International Journal of
Computer Engineering Research

  • Abbreviation: Int. J. Comput. Eng. Res.
  • Language: English
  • ISSN: 2141-6494
  • DOI: 10.5897/IJCER
  • Start Year: 2010
  • Published Articles: 33

Full Length Research Paper

Analysis and result of classification algorithm on email classification

Elifenesh Yitagesu Desta
  • Elifenesh Yitagesu Desta
  • Department of Computer Science, College of Computing, Madda Walabu University,P. O. Box 247, Bale Robe, Ethiopia.
  • Google Scholar
Tekalign Tujo Gurmessa
  • Tekalign Tujo Gurmessa
  • Department of Computer Science, College of Computing, Madda Walabu University,P. O. Box 247, Bale Robe, Ethiopia.
  • Google Scholar


  •  Received: 21 January 2019
  •  Accepted: 13 May 2019
  •  Published: 31 July 2019

Abstract

In this time, one of the most and fastest forms of communication is electronic mail or what we call e-mail.
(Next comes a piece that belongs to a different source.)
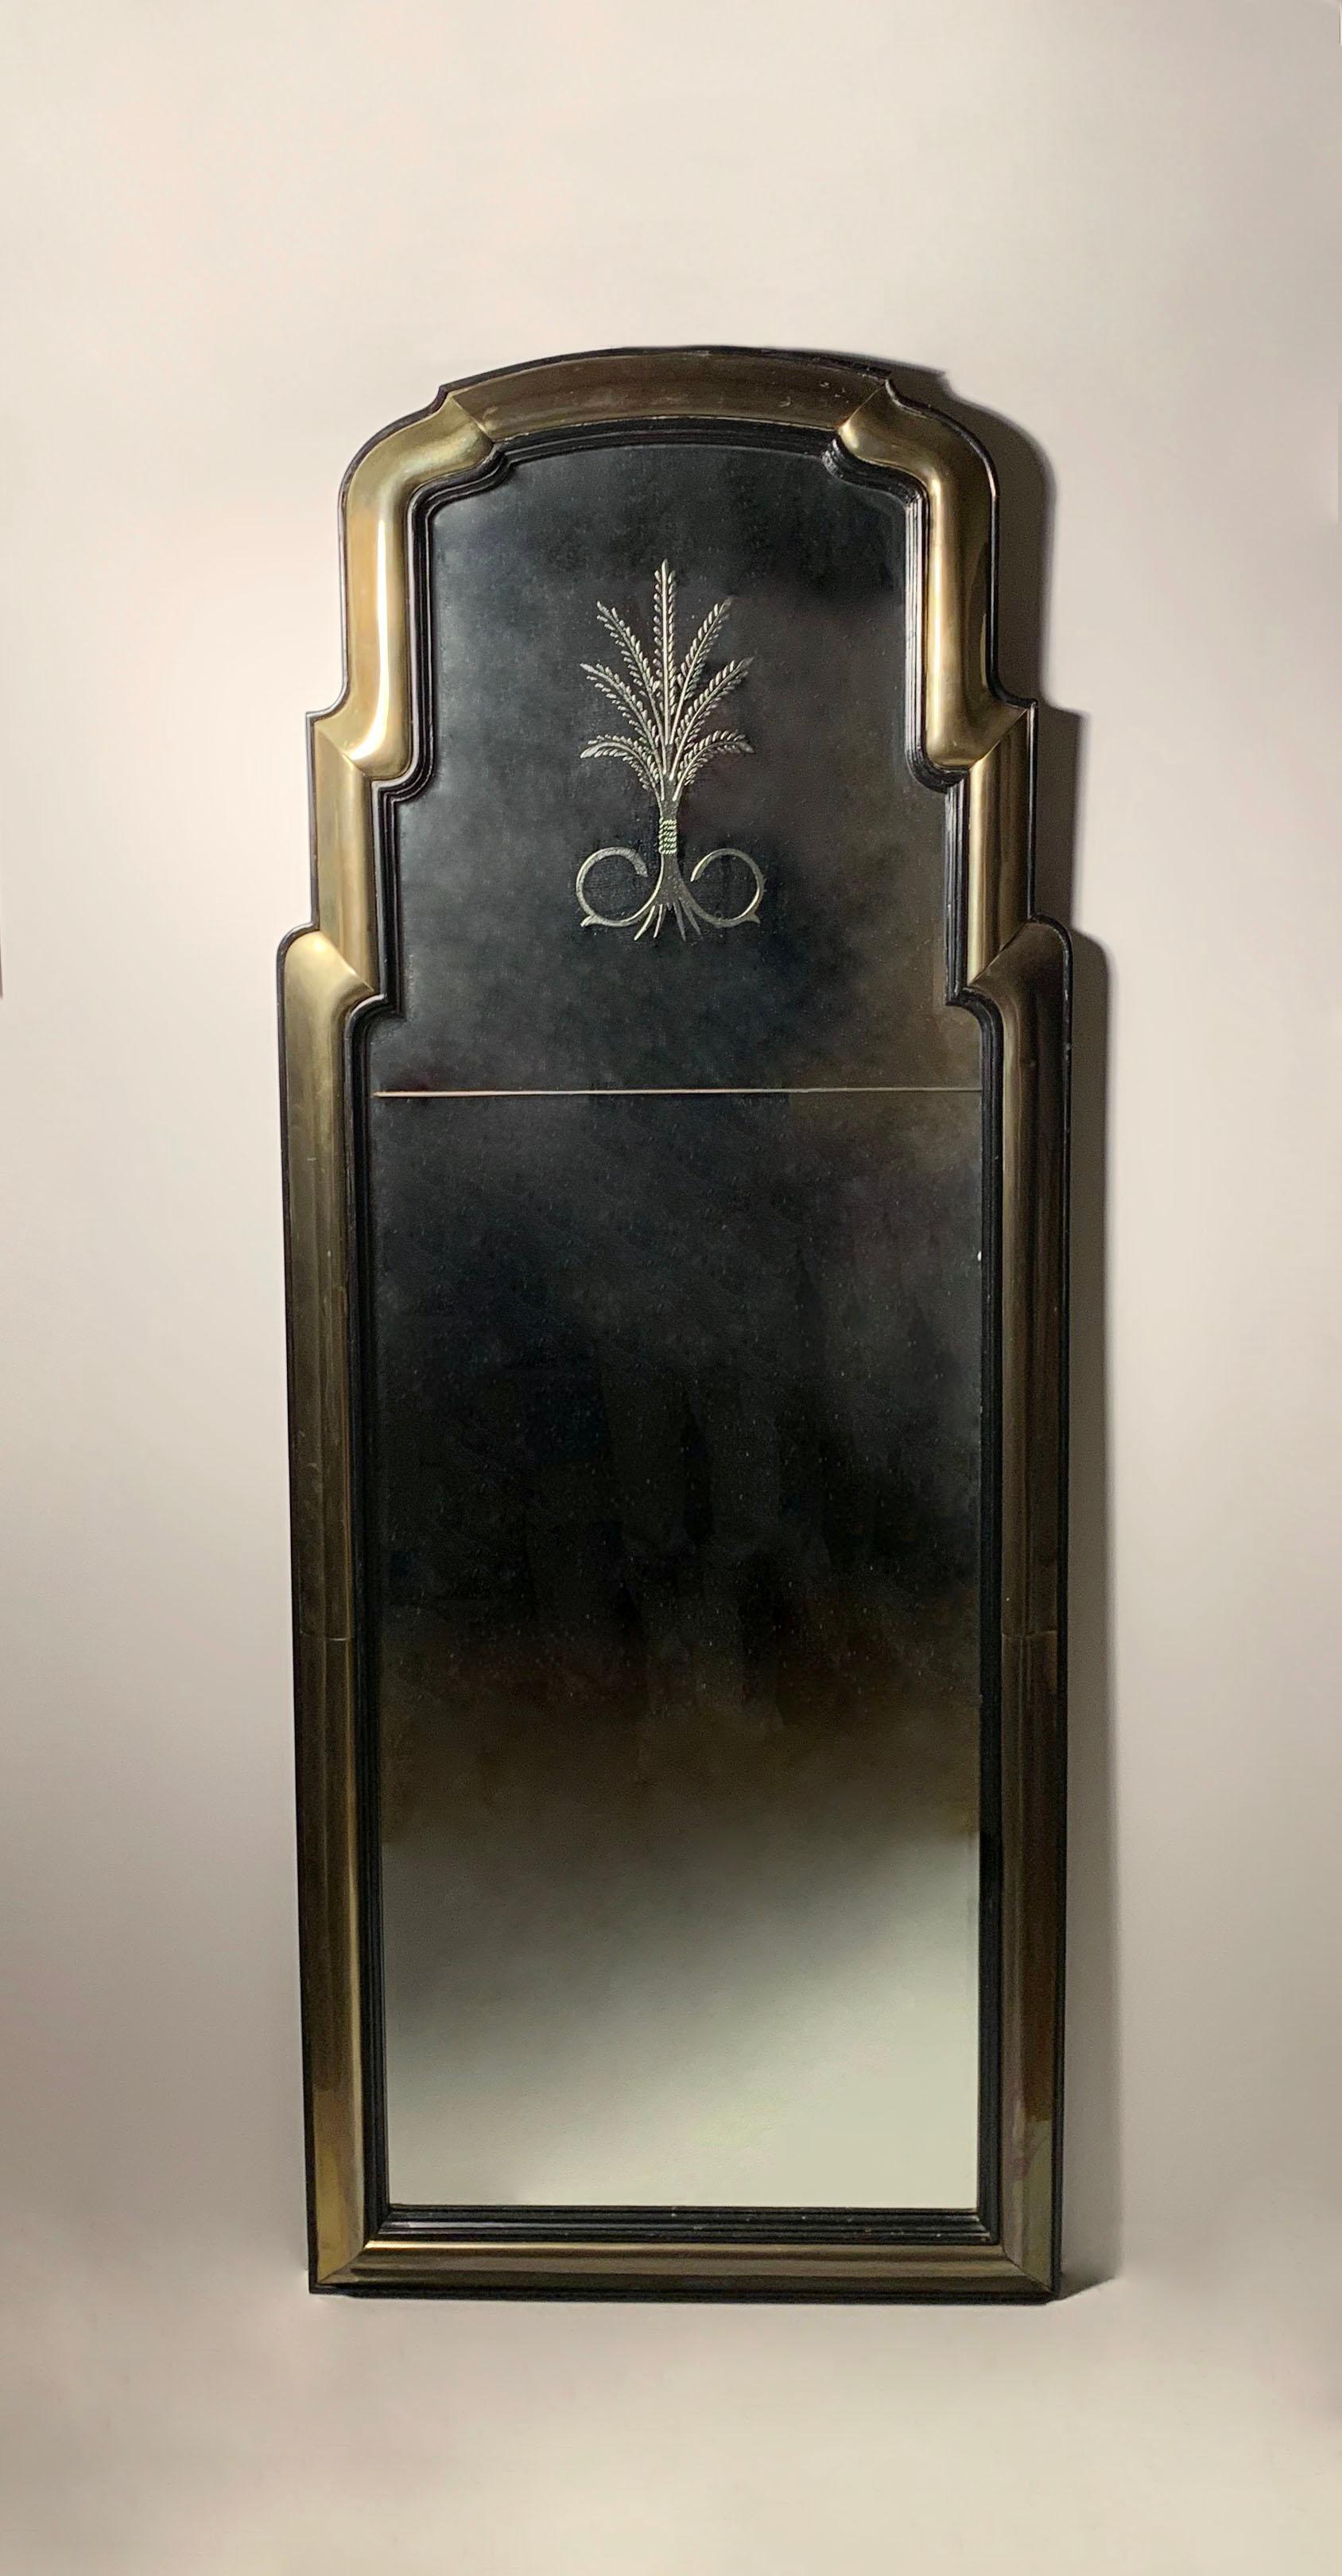 Dramatic Brass and Wood Waterfall Mirror with Etched Plume Design

Uncertain to origin of the mirror. Possibly from Italy or France. Possibly by Mastercraft.  No makers mark on reverse. High quality craftsmanship all around on this mirror.  Some

However, the increase of e-mail users has resulted in the dramatic increase of spam emails in the past few years. Spam is the use of electronic messaging systems to send bulk data. In this paper, e-mail data were classified as ham email and spam email using supervised learning algorithms. Three different classifiers such as Naïve Bayesian (NB) classifier, K-nearest neighbor (KNN) classifier and Support Vector Machine (SVM) classifier were used. The experiment was performed by applying filtering on the classifiers. The result shows the difference between the classifier before and after applying filtering algorithm. To examine the performance of the selected classification methods or algorithms, namely Naïve Bayes, SVM and KNN, true positive, false positive, precision, recall and F-measure were validated. There was a time difference using those classification algorithms. KNN and SMO algorithms are almost the best classifiers among the three before applying filtering algorithm. Sequential minimal optimization (SMO) is an algorithm used to solve quadratic programming (QP) problem that arises during the training of support vector machines (SVM) and after applying filtering algorithm. SMO algorithm is the best classifier algorithm.  For this experiment, the data mining tool called WEKA was used.

Key words: WEKA, classifier, K-nearest neighbor (KNN), support vector machines (SVM), Naïve Bayesian (NB), boosting.